Professor Sharon Lewin

 

 

 

 

 

On April 9, Professor Sharon Lewin will be speaking at Women in Science – Inspiring Tomorrow’s Leaders in Melbourne. In the lead up to the event, she writes for Mamamia about her work researching HIV and AIDS. 

By Professor Sharon Lewin

With the discovery of effective treatment in 1996, HIV was transformed from a death sentence to a manageable chronic disease. But treatment must be lifelong, is not available to all who need it, and there is no cure.

This July, Melbourne will be hosting the 20th International AIDS Conference (AIDS 2014) and I will be the local co-chair for the conference.  I will be sharing this role with Francoise Barré-Sinoussi, who discovered the HIV virus in 1983 and was awarded the Nobel Prize in Medicine in 2010.  It will be the first time that two women and two laboratory scientists have chaired the conference—both a recognition of the important role that women and science have played in shaping the global response to HIV so far, as well as the leadership that we will continue to show in the future.

Women continue to be important in every aspect of the response to HIV – not only in the laboratory but also in households, families, communities, clinics and political leadership around the world.

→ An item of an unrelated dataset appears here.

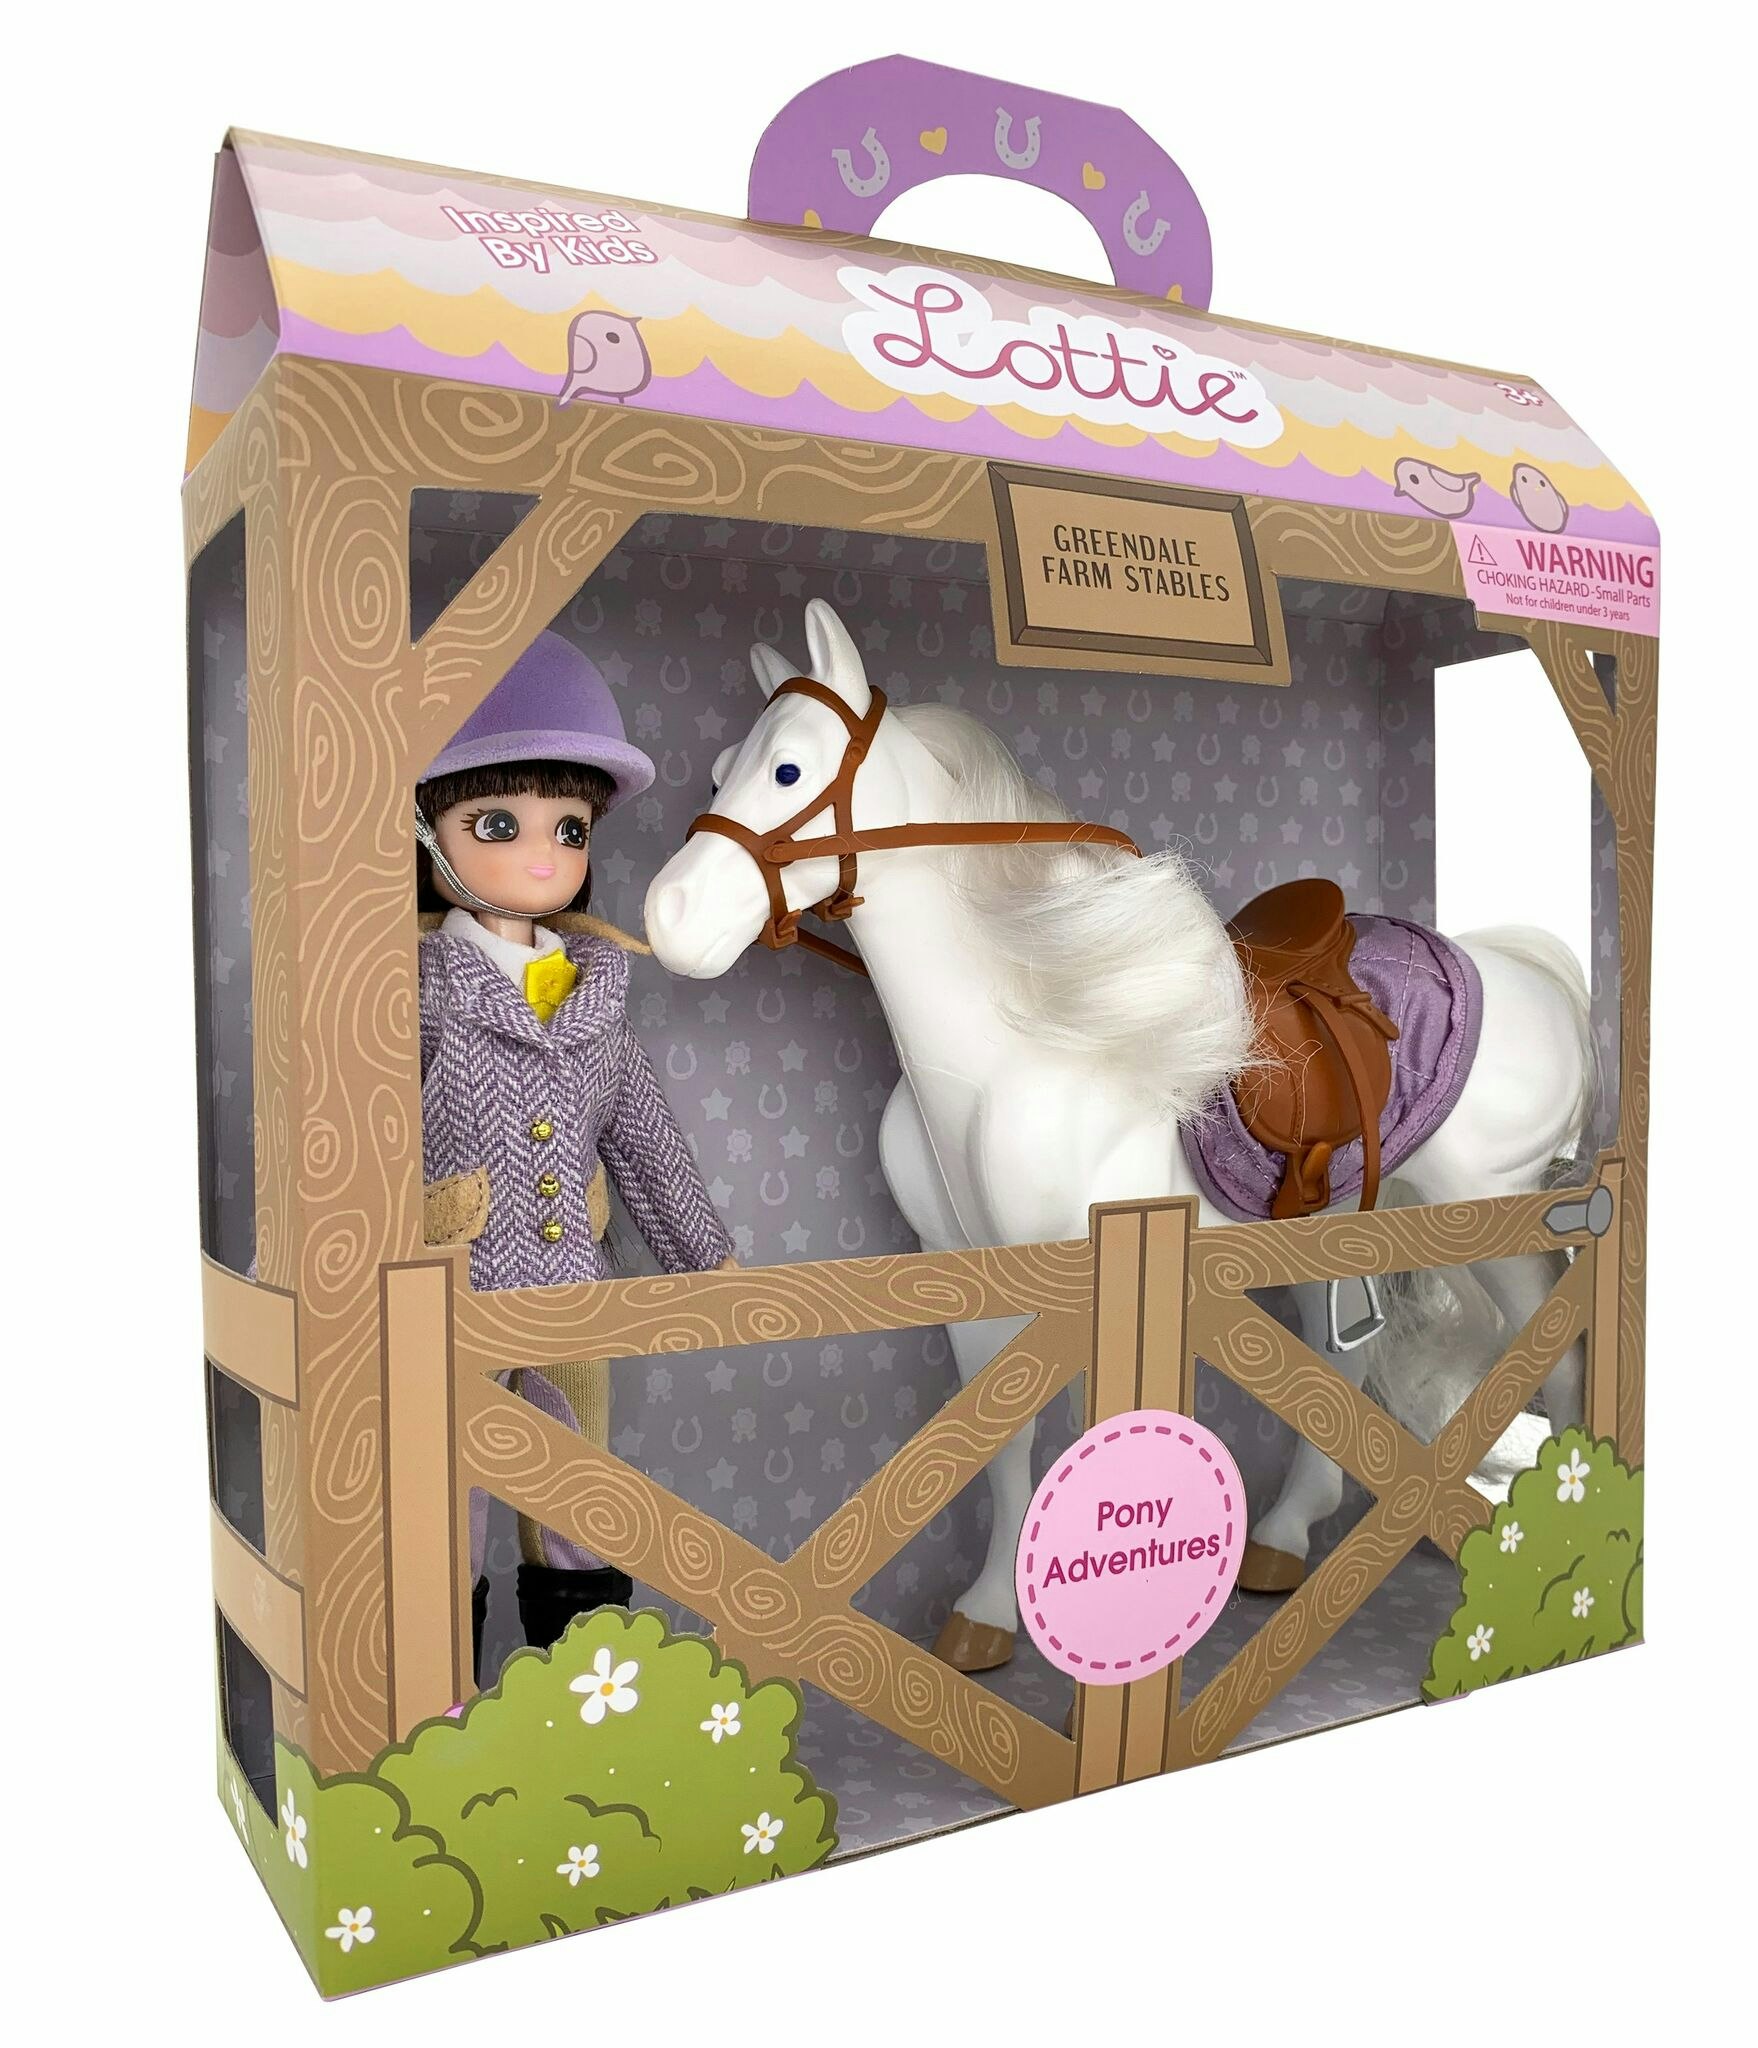 Lottie Pony Adventures Doll & Set

I started work on finding a cure for HIV as a young doctor working for Dr David Ho in New York in the late 1990s. David Ho was Time Man of the Year in 1996 for discovering the lifesaving antiviral treatment that people with HIV enjoy today. At the time, we thought that antiviral treatment alone was going to cure HIV – but we were rapidly proved wrong. We learnt that HIV can “hide” from current treatments by infecting certain long lived cells and if we were ever to cure HIV, we would need to know how HIV got into its hiding place and how to lure it out of there. Once back in Melbourne in 1999, I set up a new laboratory to set to work on answering these questions. Over the last 15 years, we have made some very significant progress – but we still have no cure.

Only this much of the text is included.